Mulher não é dona do próprio corpo no Brasil, diz escritora Tatiana Salem Levy

SÃO PAULO, SP (FOLHAPRESS) – Seja sob os olhos de Deus ou de um padrasto, as meninas de Claudia Piñeiro e de Tatiana Salem Levy são retratos da violência. Esse fio uniu as escritoras argentina e brasileira na tarde deste domingo (30) na Feira do Livro em uma das duas mesas do dia que teve a mulher na literatura como ponto de partida.

Piñeiro vem ao Brasil na esteira da tradução de “Catedrais”, romance que narra em muitas vozes o assassinato da jovem Ana.

Salem Levy lança “Melhor não Contar”, romance de inspiração autobiográfica em que a protagonista sofre assédio de um padrasto. “Vista Chinesa”, de 2021, sobre um estupro, é também baseado em uma história real de uma amiga da autora.

Mas nem Piñeiro, nem Levy tinham intenção de escrever livros sobre a violência contra a mulher quando escreveram as suas obras. A argentina diz, ainda, que não escreveu para militar. “As coisas que aconteceu com as personagens são as coisas que acontecem com a gente”, diz.

Salem Levy diz que percebeu que seus romances trazem a violência quando fez o exercício de olhar para trás. Piñeiro parte de uma cena, Ana, a protagonista de “Catedrais”, entrando em uma igreja, ensopada. Mas a violência sofrida, ela diz, veio depois.

Elas, aliás, nem sequer pensaram em fazer literatura feminina, coisa na qual elas não acreditam. Salem Levy refuta a ideia de que mulheres façam livros intimistas e subjetivos. Piñeiro fala que novas gerações leem autoras sem a ideia de que aquilo é direcionado só às mulheres.

Mas o impacto do feito não escapa à percepção delas. “Junto com a escrita tem um gesto politico, temos que tomar a palavra”, diz Salem Levy.

O ofício com a linguagem foi pauta quando se debateu o direito ao aborto. Piñeiro diz que ativistas antiaborto fazem operações com as palavras ao se dizerem pró-vida, como se os favoráveis à interrupção fossem contrários a ela.

Salem Levy, que fez um aborto em Portugal, onde o procedimento é legalizado, diz que “o aborto é sempre difícil”. “Não ter um julgamento moral torna menos solitário”, afirma. Ela argumenta que a possibilidade de falar sobre isso traz conforto.

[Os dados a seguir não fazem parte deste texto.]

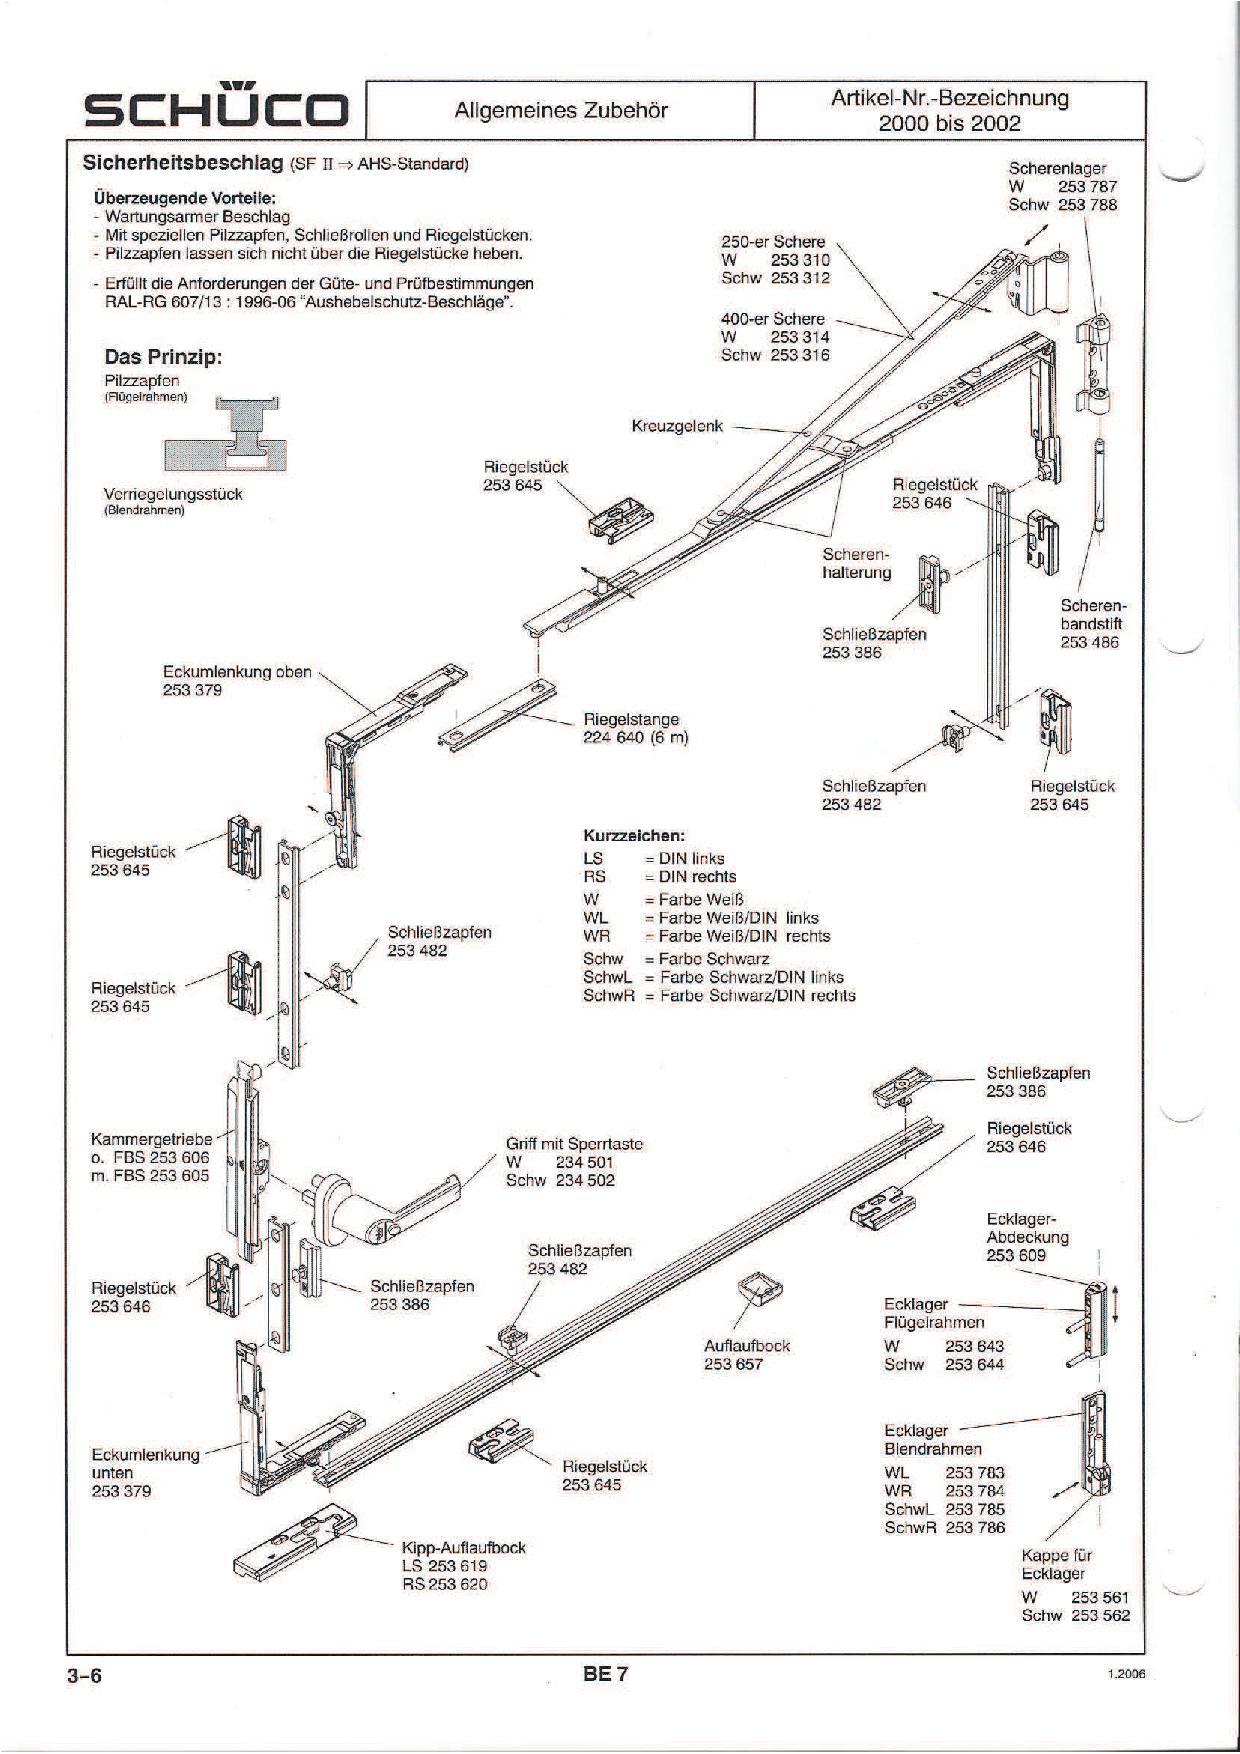 sch co pdf datei fenster 2000 2002 sf2. Black Bedroom Furniture Sets. Home Design Ideas

Mas escrever, diz, trouxe ansiedade. “Enquanto eu escrevo não tenho medo dr nada.” Depois, porém, vêm até pesadelos.

Piñeiro reagiu dizendo que desde a descriminalização do procedimento na Argentina a quantidade de meninas que deram à luz diminuiu.

Mas entender a argentina não foi tarefa simples, apesar do amistoso espanhol quase irmão do português. Imperou nos alto-falantes a tradução simultânea da autora, que repetiu um problema da primeira edição da Feira —falas da argentina perderam temperatura, ficaram truncadas e diminuíram o ritmo do início da mesa.

No começo da conversa, o volume dos microfones de outra tenda também atrapalhou a conversa e criou alguma comoção no palco principal.